Hong’s weakest point is, I think, as a writer. Each seemingly banal scene serves a thematic purpose, but Hong lacks Rohmer’s verbal wit and Ozu’s instinct for defining even minor characters so vividly, either of which could make a film like On the Beach at Night Alone as fun to watch as it is to think, talk, and write about. It is in that final confrontation—a conversation between Hong’s literal ex-lover and an avatar for himself—that the film reaches its excoriating peak. It is a naked exorcism, one of the best scenes of the year. And if, by being the most self-referential and intimate part of the film, it is therefore the most “indulgent”, it is also paradoxically the most accessible and dramatic; when it comes to art, the intimacy dragged up by indulgence is something we could use a lot more of.
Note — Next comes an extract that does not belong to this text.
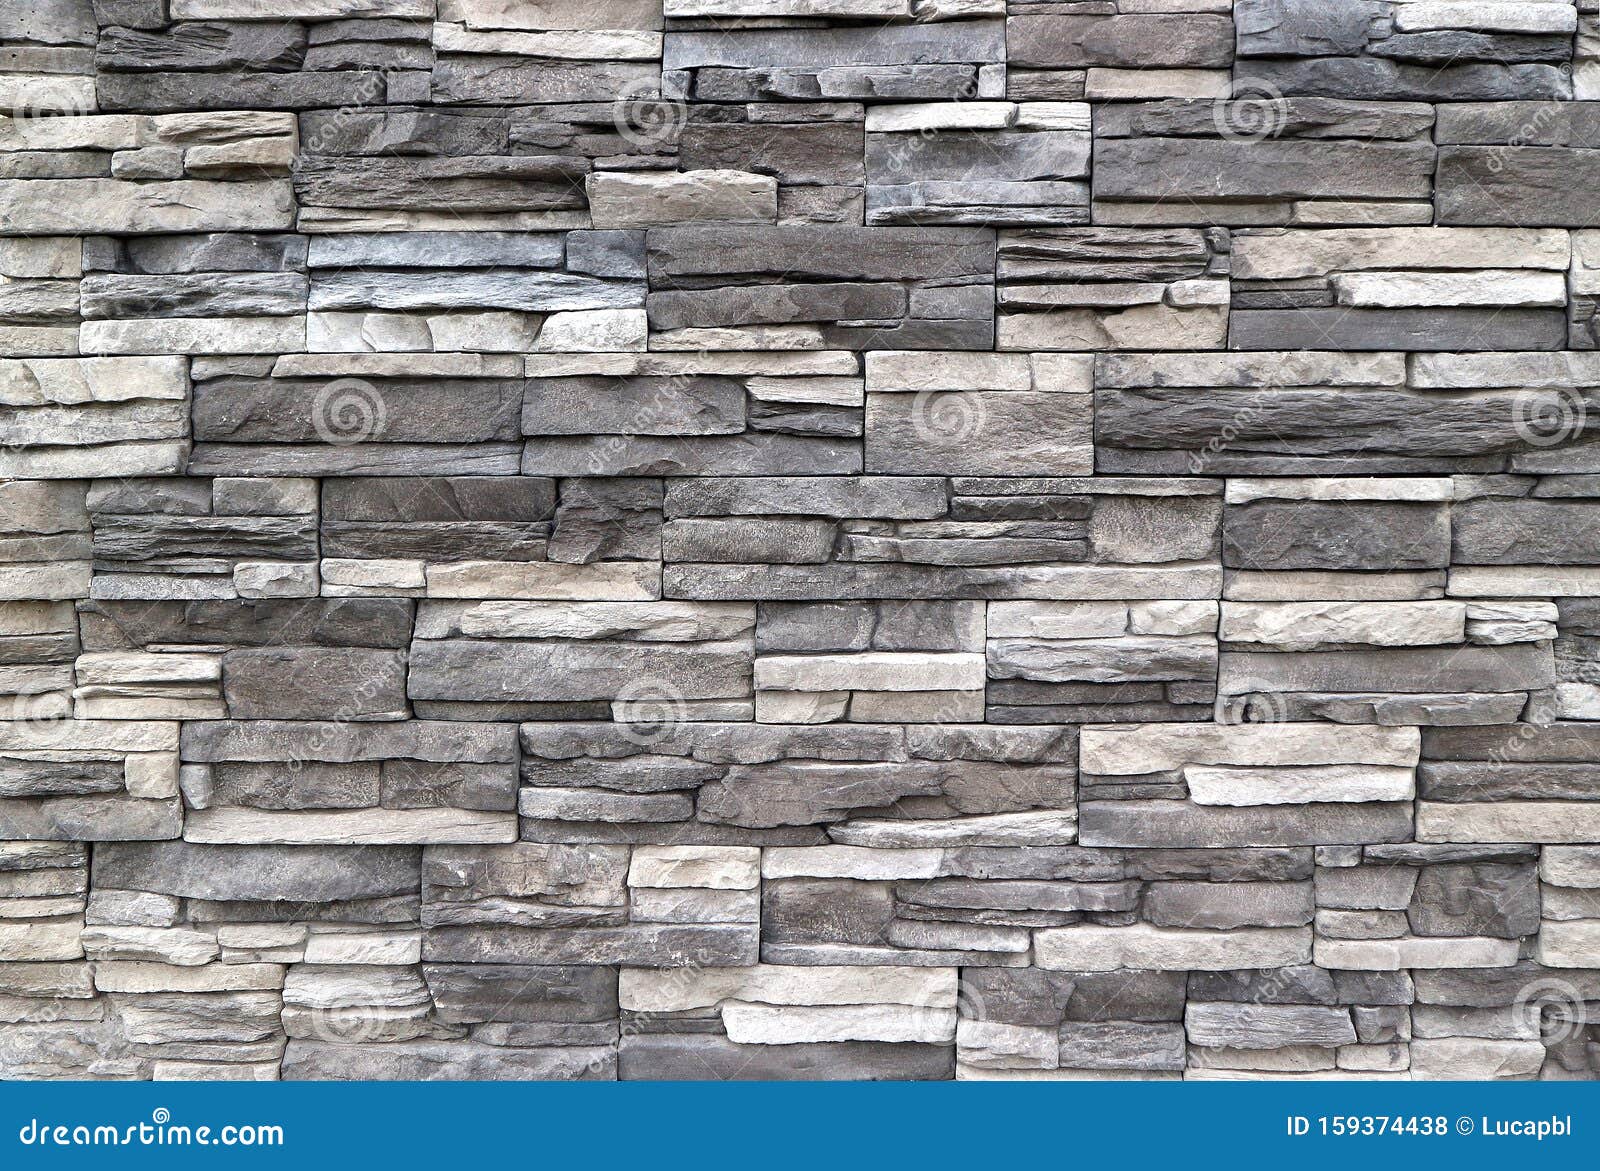 stone cladding wall made of  striped stacked slabs of natural rocks. colors are dark gray and white

The challenge of Hong’s films is one of reversal: if most movies are explicitly emotional films that open themselves to academic readings, his are more academic films where emotion is fully unleashed by deconstruction. The ultimate satisfaction of On the Beach is how we’re watching a romantic connection that goes not across the screen, but through the camera—with the heroine’s mindset informing the presence of everyone she meets. The cult of the director reigns supreme in cinephilia, and Hong’s own sneaky presence is felt, as always, with the sudden, enigmatic pans and zooms during scenes so otherwise given over to visual stasis. But Kim shows just how much an actress can grab control of the screen and not let go. In a strange way, it reminds me of the old cartoons where a creation would rebel against its own animator. Only here the battle is a love affair and the creation is a real woman—a woman who won’t be kept in, who commands the sympathy and understanding of the crowd, who will take strides to show just how little she needs men, and who demands her challenges be answered. She holds the film together, just as she can ultimately chose to simply walk out of it, and just as he (by proxy) will step in front of the camera and confess. It is her film as well as his. In its wreckage and weary final peace, it is theirs.